English 中文(简体)
需要帮助了解如何从Xml文档中提取多种同类案例向Excel出口
原标题:Need help understanding how to extract multiple instances of the same type from an xml file to export to Excel

我收到了一份短on文件,从Xml文档中提取相关数据,出口到Excel文档。 我大部分工作。 xml文档是一套数据,可输入Excel的一行。

我不知道如何解决的问题是,如何(可能的话)得出相同类型的多重价值。 我仅作一谈。

这方面的一个例子是我对《古典》的看法:

 elif child.tag.endswith("titleInfo"):
                if child.attrib.get("type") == "alternative":
                    alternative_title = child.find("mods:title", namespaces).text
                    record_data["Alternative Title"] = alternative_title

这里是Xml相关卷宗内(我需要处理的其他xml文档可能具有0、1或更多替代名称):

 <mods:titleInfo type="alternative">
  <mods:title>Ziemer diary</mods:title>
 </mods:titleInfo>
 <mods:titleInfo type="alternative">
  <mods:title>F.G. Ziemer Tagebuch</mods:title>
 </mods:titleInfo>

** 在我执政时,只记录第二例。

There are several places in these xml files that will need the same solution.

得到帮助!

全书

# MODS/METS XML to XLSX Crosswalk

import xml.etree.ElementTree as ET
import pandas as pd


def parse_xml(xml_file):
    # Create an ElementTree object and parse the XML file
    tree = ET.parse(xml_file)
    root = tree.getroot()

    # Define namespaces
    namespaces = {
        "mods": "http://www.loc.gov/mods/v3",
        "mets": "http://www.loc.gov/METS/"
    }

    # Extract the necessary data from the XML structure
    data = []
    for dmdSec in root.iterfind(".//mets:dmdSec", namespaces):
        record_data = {}
        mods = dmdSec.find(".//mods:mods", namespaces)

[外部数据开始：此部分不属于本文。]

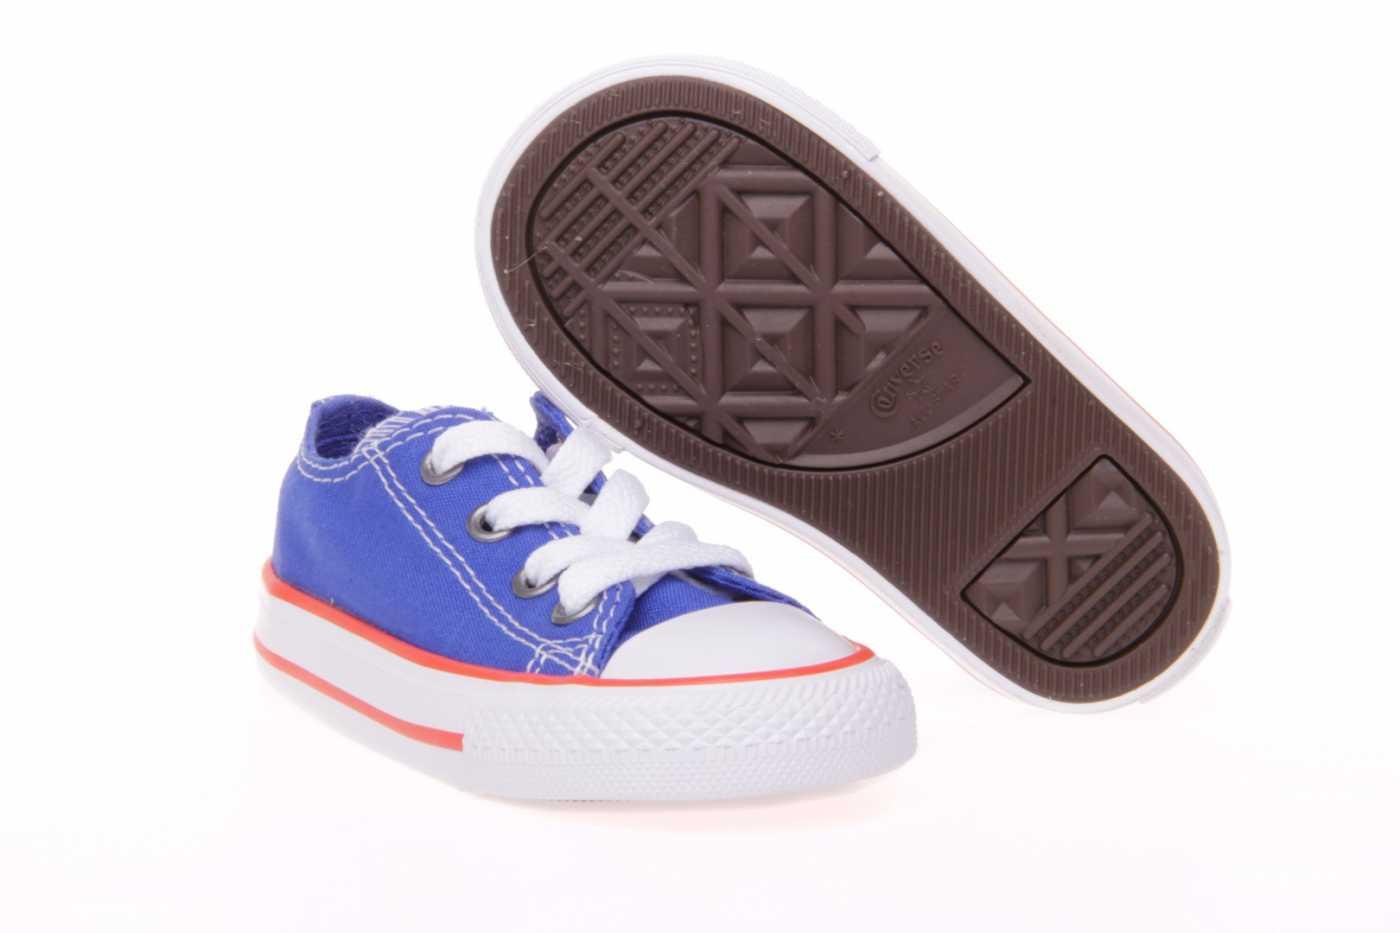 23c64fbdc0a84 Comprar zapato tipo JOVEN NIÑO estilo LONA COLOR AZULON TEXTIL ...
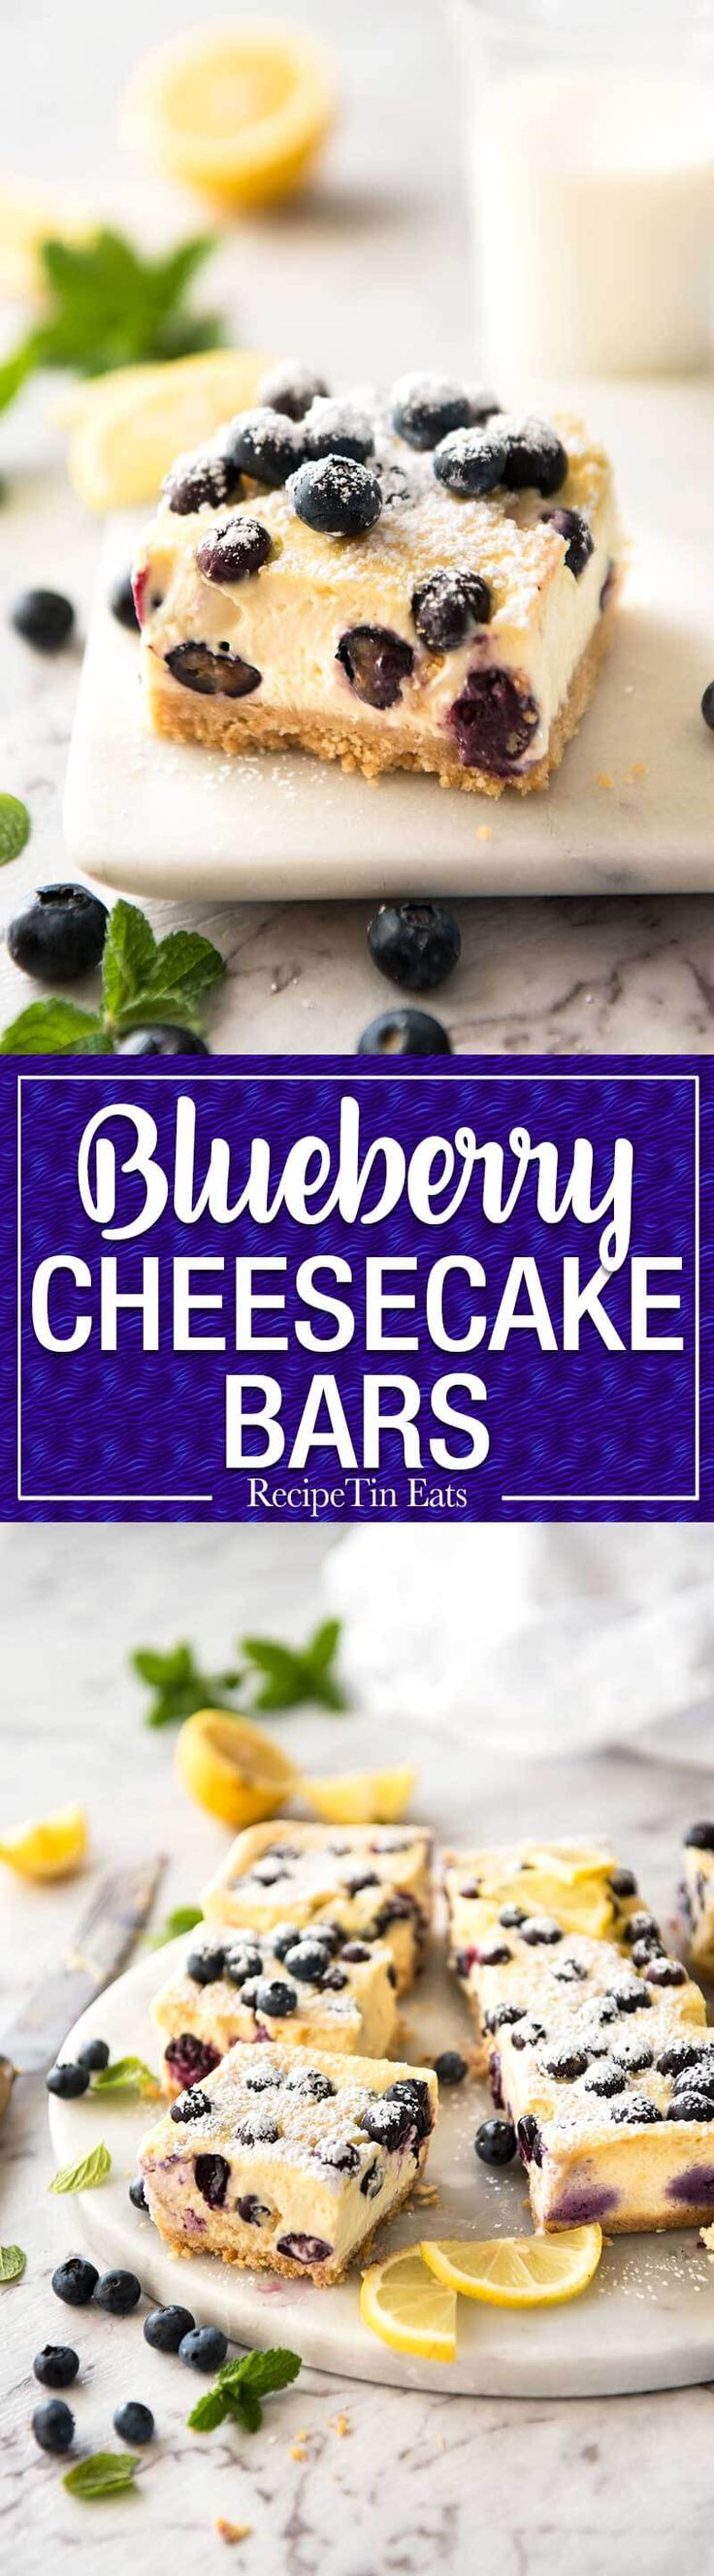 CLASSIC Blueberry Cheesecake Bars

        title = mods.find(".//mods:title", namespaces)
        if title is not None:
            record_data["Title"] = title.text


        for child in mods:
            if child.tag.endswith("title"):
                record_data["Title"] = child.text
            elif child.tag.endswith("abstract"):
                record_data["Abstract"] = child.text
            elif child.tag.endswith("identifier"):
                record_data["Identifier"] = child.text
            elif child.tag.endswith("location"):
                file_link = child.find("mods:url", namespaces).text
                record_data["Path"] = file_link
            elif child.tag.endswith("typeOfResource"):
                record_data["Type of Resource"] = child.text
            elif child.tag.endswith("genre"):
                record_data["Genre"] = child.text
            elif child.tag.endswith("subject"):
                if child.find("mods:hierarchicalGeographic", namespaces) is not None:
                    hier_geo = child.find("mods:hierarchicalGeographic", namespaces)
                    country = hier_geo.find(".//mods:country", namespaces)
                    state = hier_geo.find(".//mods:state", namespaces)
                    county = hier_geo.find(".//mods:county", namespaces)
                    city = hier_geo.find(".//mods:city", namespaces)
                    if country is not None:
                        record_data["Country"] = country.text
                    if state is not None:
                        record_data["State"] = state.text
                    if county is not None:
                        record_data["County"] = county.text
                    if city is not None:
                        record_data["City"] = city.text
                # if child.find("mods:geographic", namespaces) is not None:
                #     geographic = child.find("mods:geographic", namespaces).text
                #     record_data.setdefault("Geographic", []).append(geographic)
                # elif child.find("mods:temporal", namespaces) is not None:
                #     temporal = child.find("mods:temporal", namespaces).text
                #     record_data.setdefault("Temporal", []).append(temporal)
                # elif child.find("mods:topic", namespaces) is not None:
                #     topic = child.find("mods:topic", namespaces).text
                #     record_data.setdefault("Subject", []).append(topic)
            elif child.tag.endswith("originInfo"):
                for info in child:
                    if info.tag.endswith("place"):
                        record_data["Place"] = info.find("mods:placeTerm", namespaces).text
                    elif info.tag.endswith("publisher"):
                        record_data["Publisher"] = info.text
                    elif info.tag.endswith("dateIssued"):
                        record_data["Date Issued"] = info.text
                    elif info.tag.endswith("dateCaptured"):
                        record_data["Date Captured"] = info.text
            # elif child.tag.endswith("part"):
            #     part_number = child.find(".//mods:number", namespaces).text
            #     record_data["Date Published"] = part_number
            elif child.tag.endswith("titleInfo"):
                if child.attrib.get("type") == "alternative":
                    alternative_title = child.find("mods:title", namespaces).text
                    record_data["Alternative Title"].append(alternative_title)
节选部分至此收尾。